Now think on. Imagine that you are a young activist who has been threatened or assaulted by a more senior one. Where do you go? Who can you trust? Who will keep your confidence – especially given claims of leaks? CCHQ’s answer is that complaints should be addressed to someone called the Presenting Officer. How could a frightened and confused young person be expected to know that? The post is not visible on the Party’s website. It doesn’t turn up in a google search. Talking of computer inquiries, CCHQ won’t comment on claims that staff were instructed before the last election regularly to delete e-mails: “an investigation is currently underway and it is not appropriate to comment until we can establish the facts”, it told ConservativeHome. But we understand that the practice became customary during the last Parliament, and intensified during the run-up to the election – on the ground that records should be kept safe from investigative journalists and Labour moles at a time when the tightness of the coming poll was working CCHQ into a frenzy.
The practice is not confined to Matthew Parker Street. For example, Downing Street staff are asked to delete e-mails after about 90 days – though, in both cases, copies are kept on servers. Some will argue that this custom is only prudent; others will assert that it is highly questionable. But either way, this story of flawed accountability structures, confusing reporting arrangements and unusual record-keeping procedures points to an uncomfortable truth for the Party. Slowly but steadily, and over many years, CCHQ’s campaigning capability has been narrowed. Building up longer-term capacity in non-target seats, or among young people, or with business – and so on – has been stripped away so that the kitchen sink can be hurled at a tiny minority of voters in a small proportion of seats. Amidst such a short-termist culture, no wonder Clarke was given his head. The Party looks increasingly like an athelete who pumps up one part of his body while letting the rest of it run to seed. That way lies illness – perhaps terminal.

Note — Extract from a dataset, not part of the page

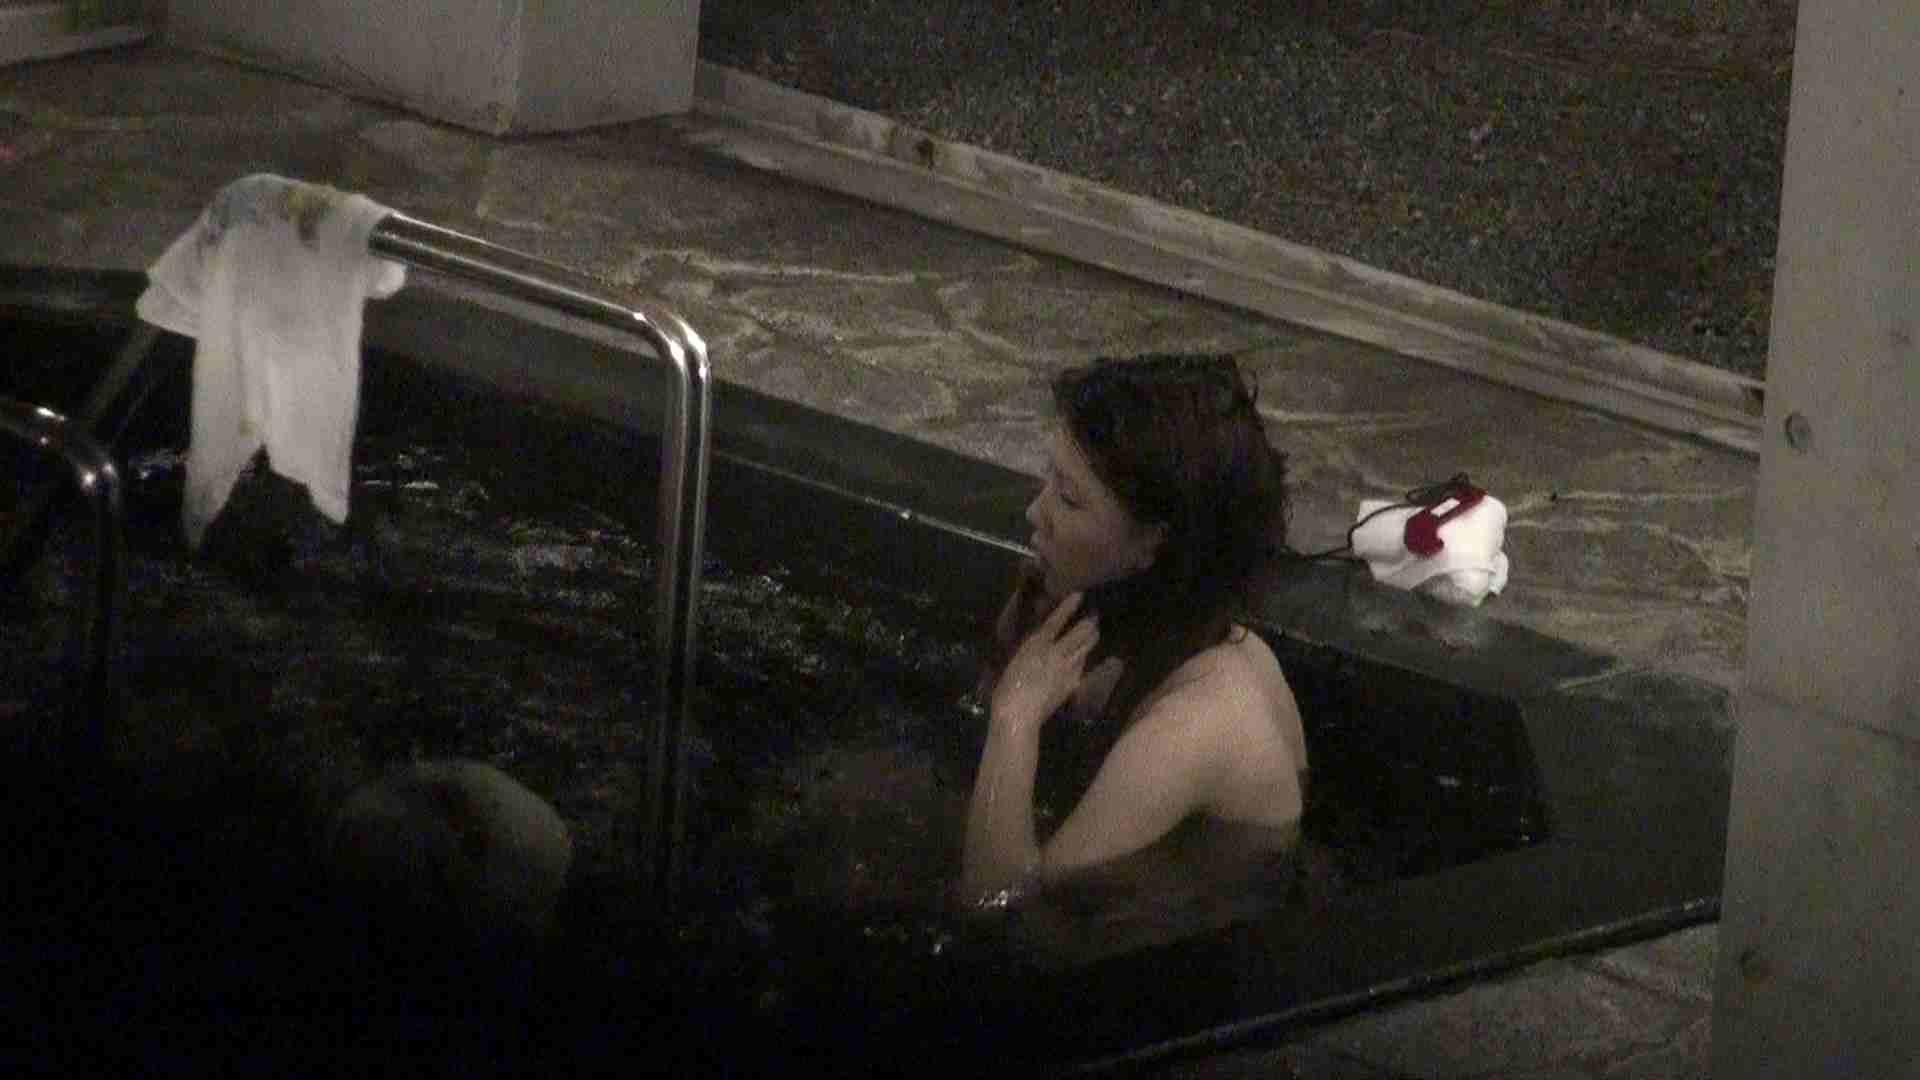 Aquaな露天風呂Vol.371 盗撮大放出 性交動画流出 92連発 63

On this site before the election, a candidate in a marginal seat complained of being ordered to hand over funds he had raised to a target seat, and of candidates being ordered to support the party’s by-election efforts or risk removal from the list. Our columnist, Rebecca Coulson – another former candidate – wrote of “bullying, rudeness and coercion”. There is a sense of members being used as a means to an end. The Party needs a culture change, driven right from the top. It may instead get reform that is merely structural. There will be admission of a failure to safeguard young people – or the finding of it, at any rate. Watch for the appointments of a senior complaints officer at CCHQ. There will be “safe spaces”. Intern appointments will be monitored more closely. The Party’s anti-bullying policy is already being ramped up. The compliance culture is coming to the Conservative Party. In a way, this is a pity. Political parties should be light on their feet, not weighed down by box-ticking. But it is now inevitable. Clarkegate has revealed a Party culture not fit for purpose.